▶ _SOURCE DATA_
_ _ _ _
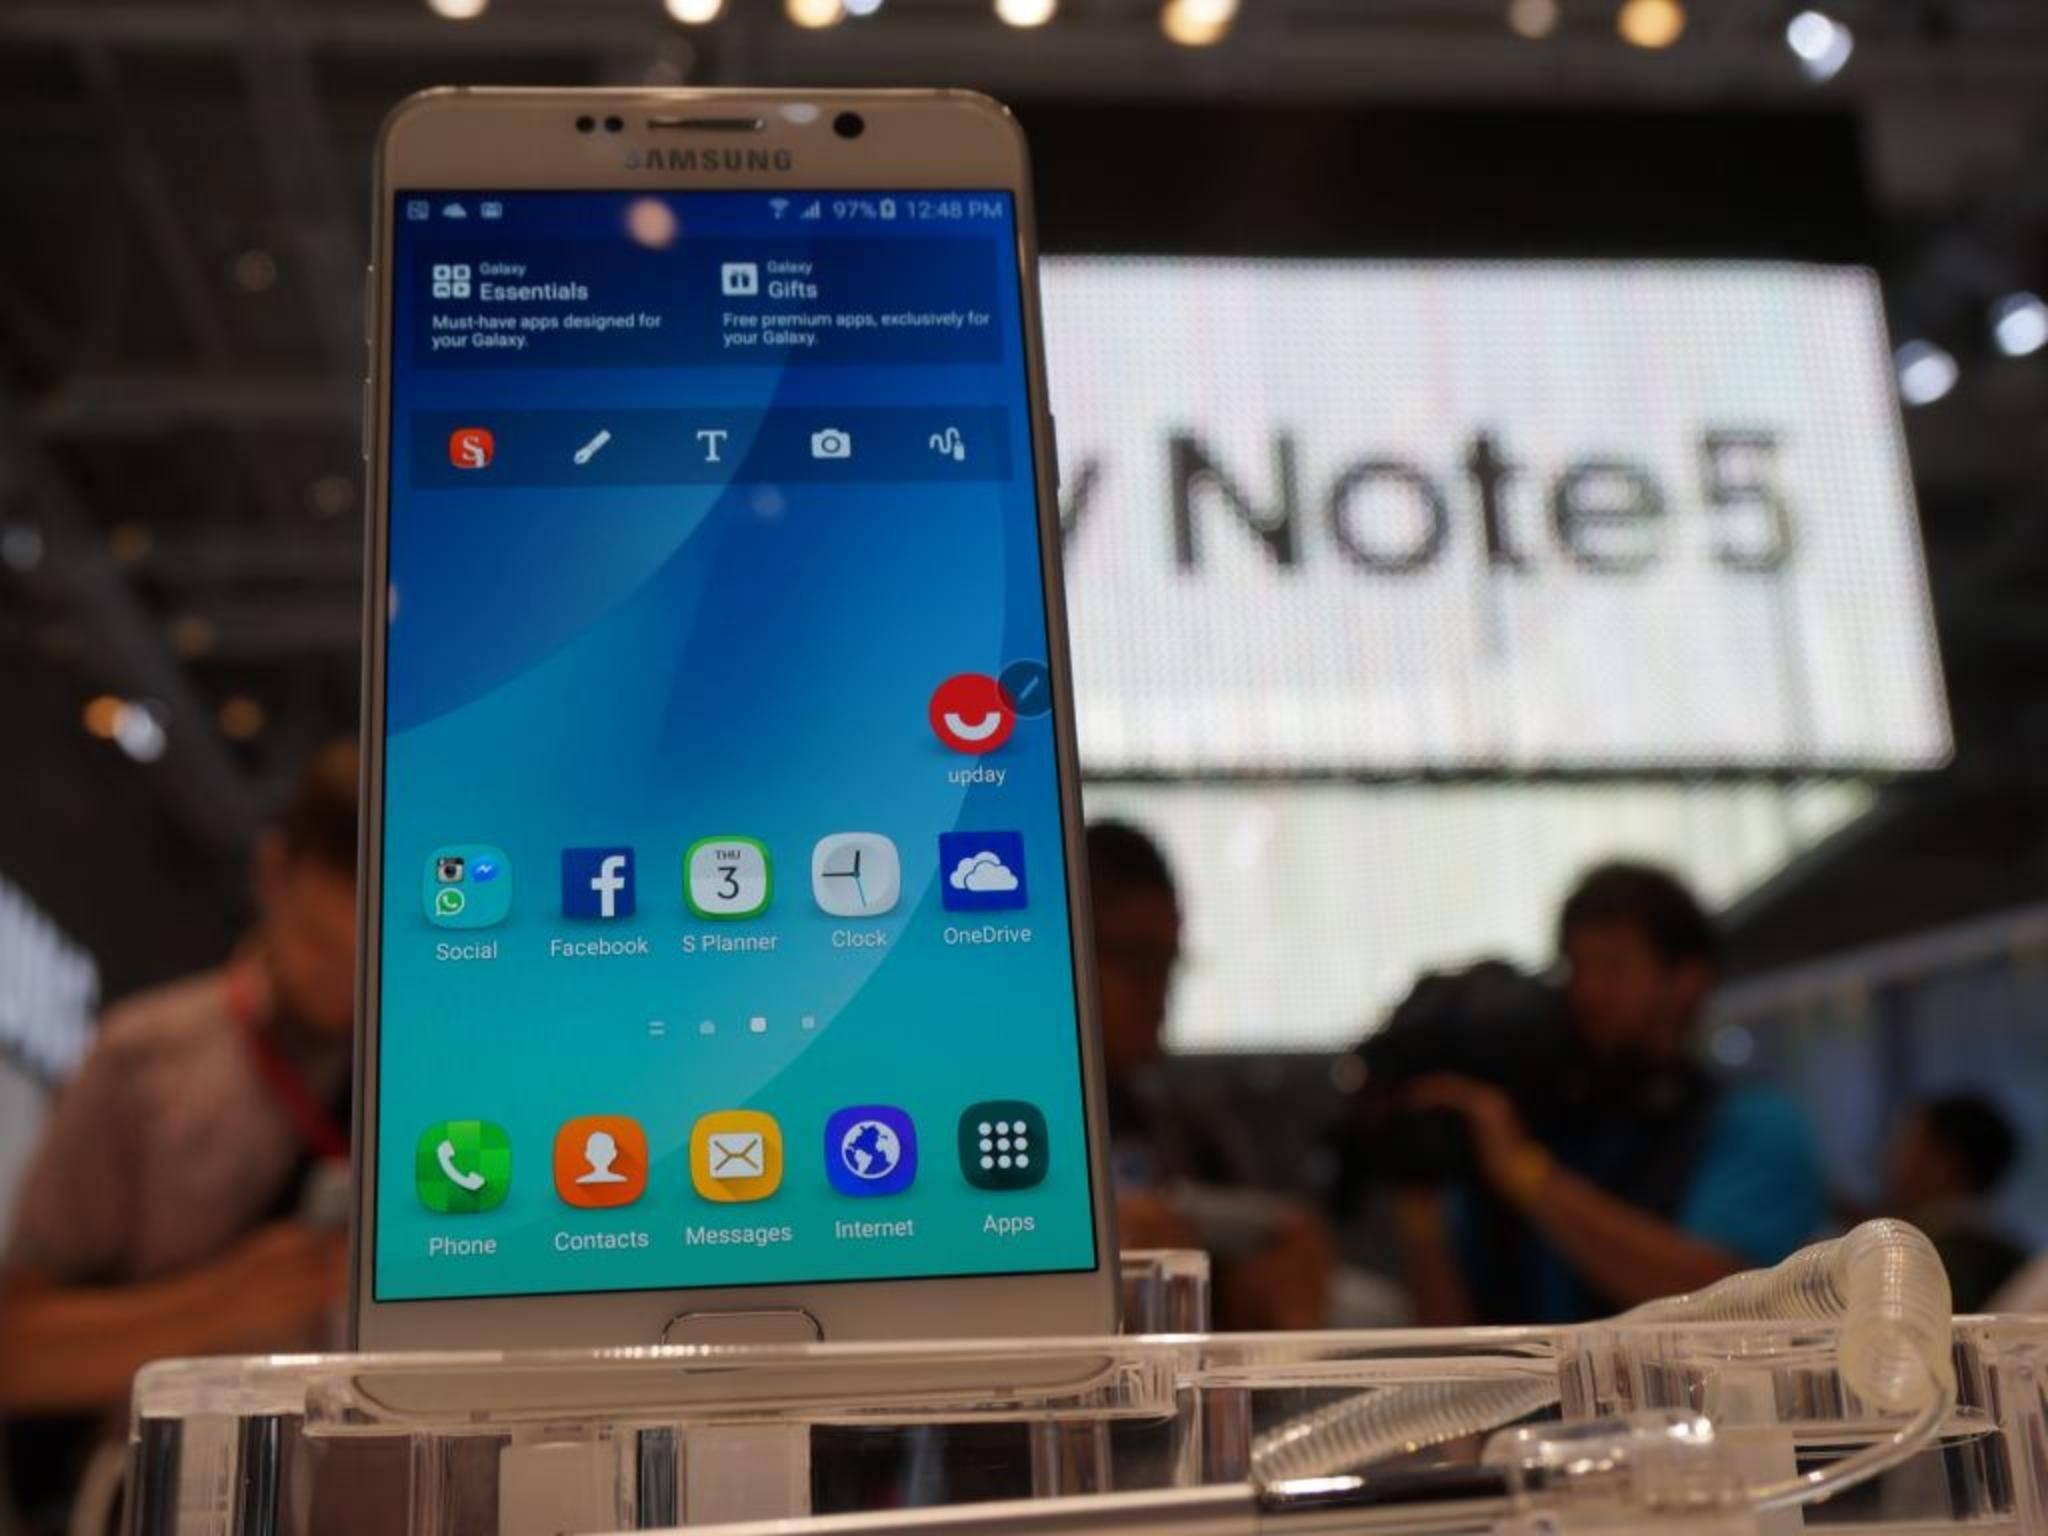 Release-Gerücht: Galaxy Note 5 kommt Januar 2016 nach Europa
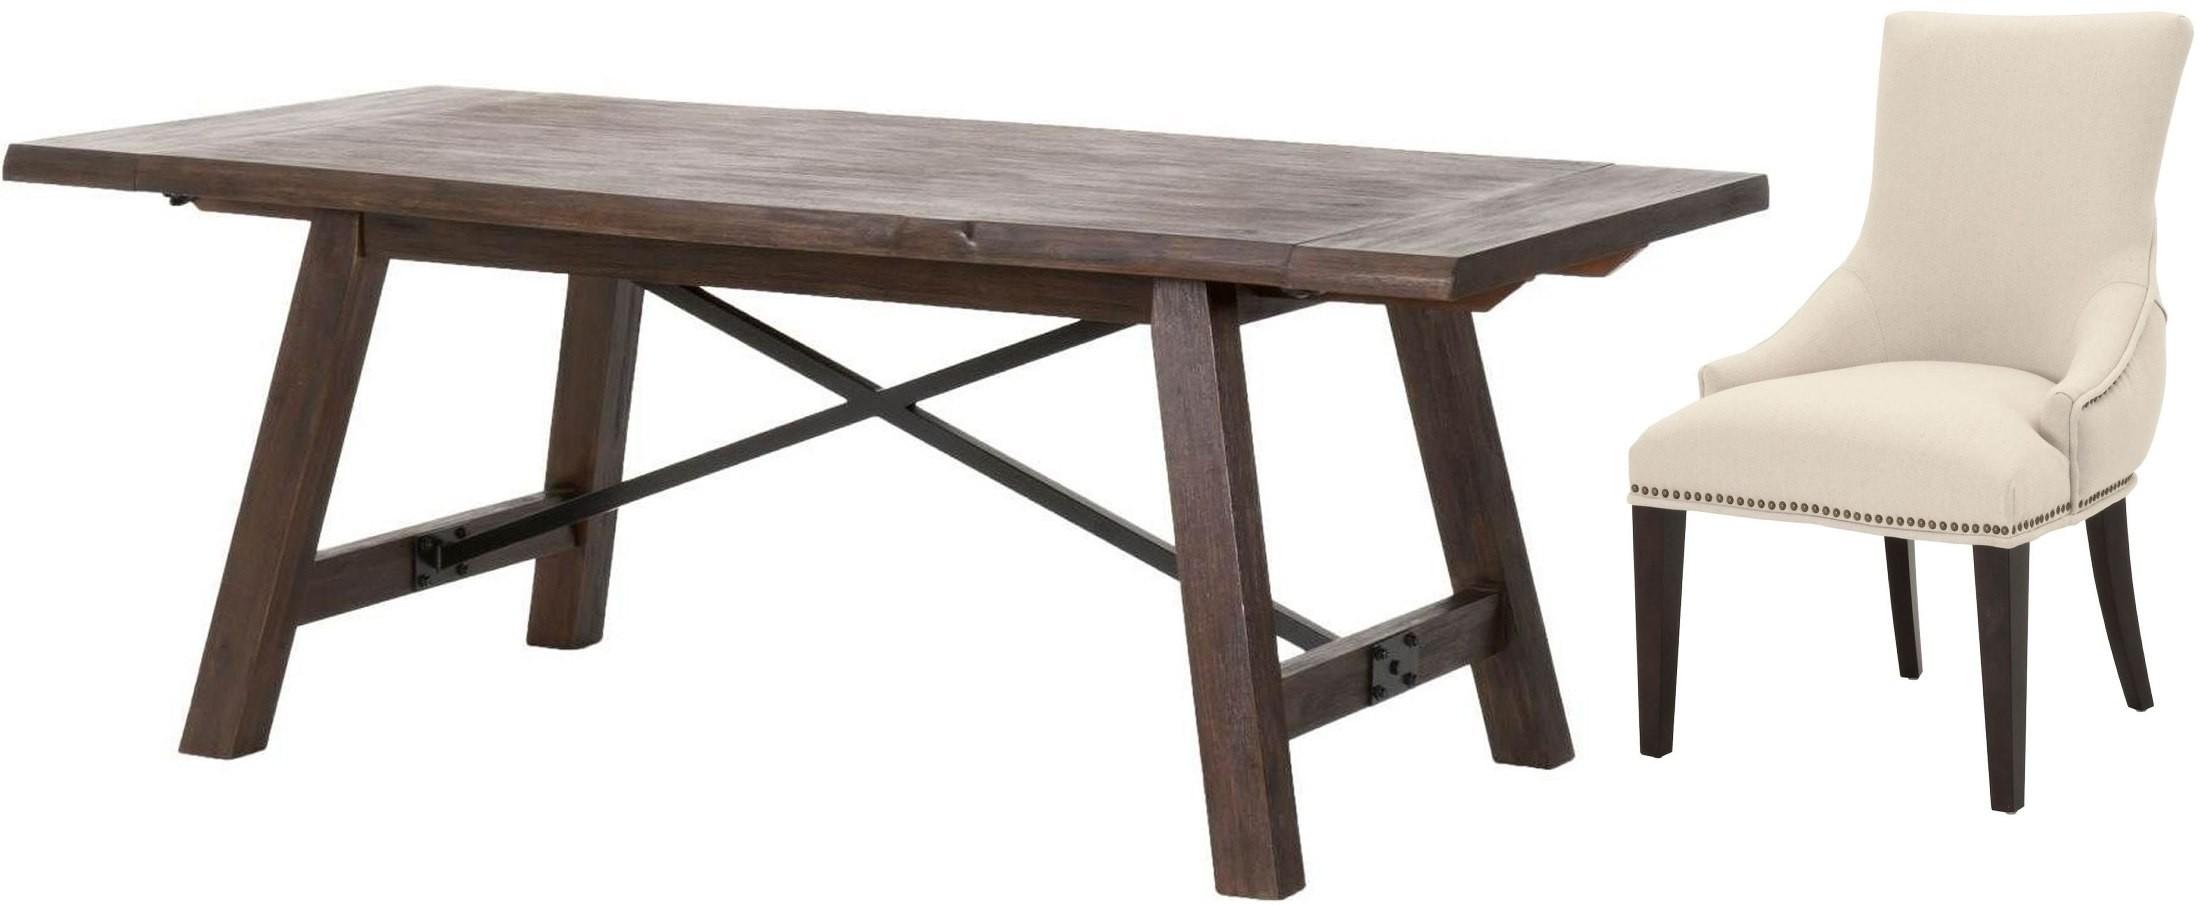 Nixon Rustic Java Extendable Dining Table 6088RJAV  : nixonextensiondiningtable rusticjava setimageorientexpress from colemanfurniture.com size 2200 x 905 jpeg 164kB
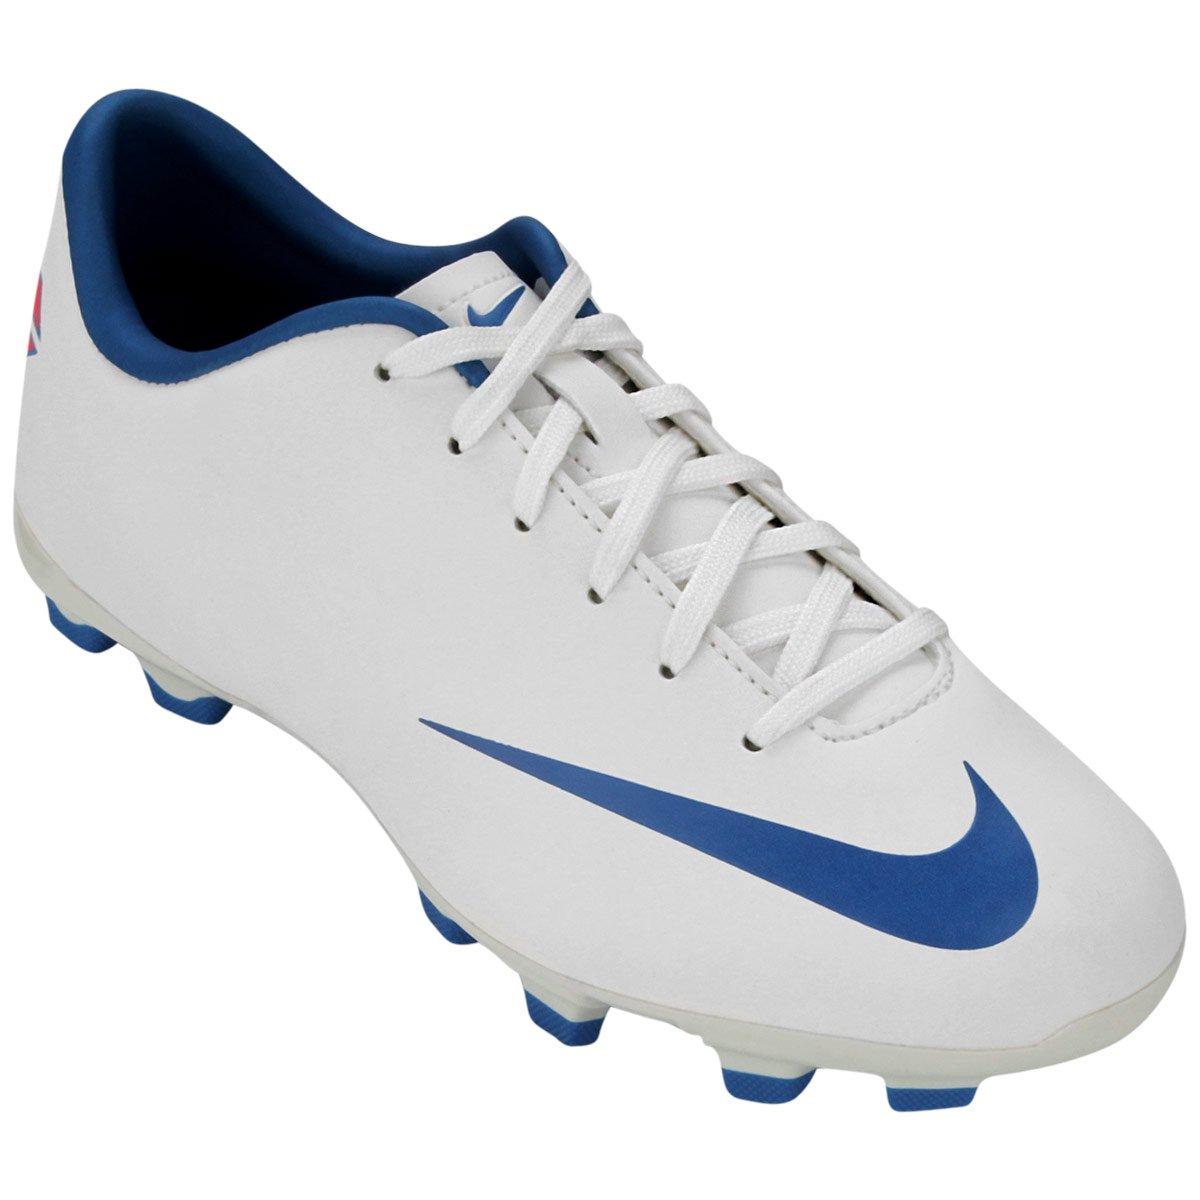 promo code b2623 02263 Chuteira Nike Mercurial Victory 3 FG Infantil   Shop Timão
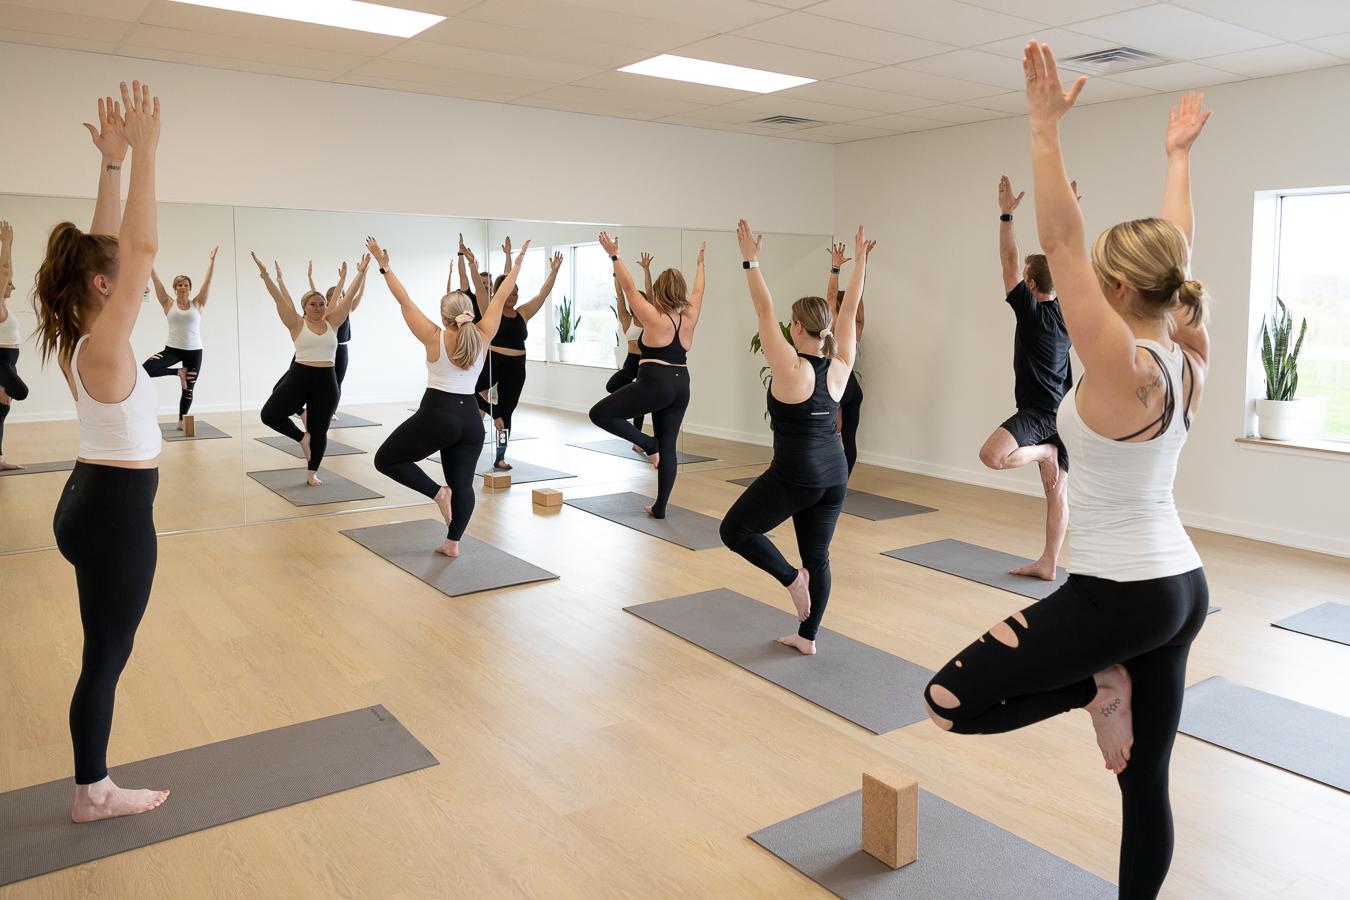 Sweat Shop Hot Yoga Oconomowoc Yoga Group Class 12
_ _ _ _
▶ _AIM OF THE EXERCISE_
In the answer, the data should reappear exactly, with no pictures.

▶ _SOLUTION TO THE PROBLEM_
 Release-Gerücht: Galaxy Note 5 kommt Januar 2016 nach Europa
 Nixon Rustic Java Extendable Dining Table 6088RJAV  : nixonextensiondiningtable rusticjava setimageorientexpress from colemanfurniture.com size 2200 x 905 jpeg 164kB
 promo code b2623 02263 Chuteira Nike Mercurial Victory 3 FG Infantil   Shop Timão
 Sweat Shop Hot Yoga Oconomowoc Yoga Group Class 12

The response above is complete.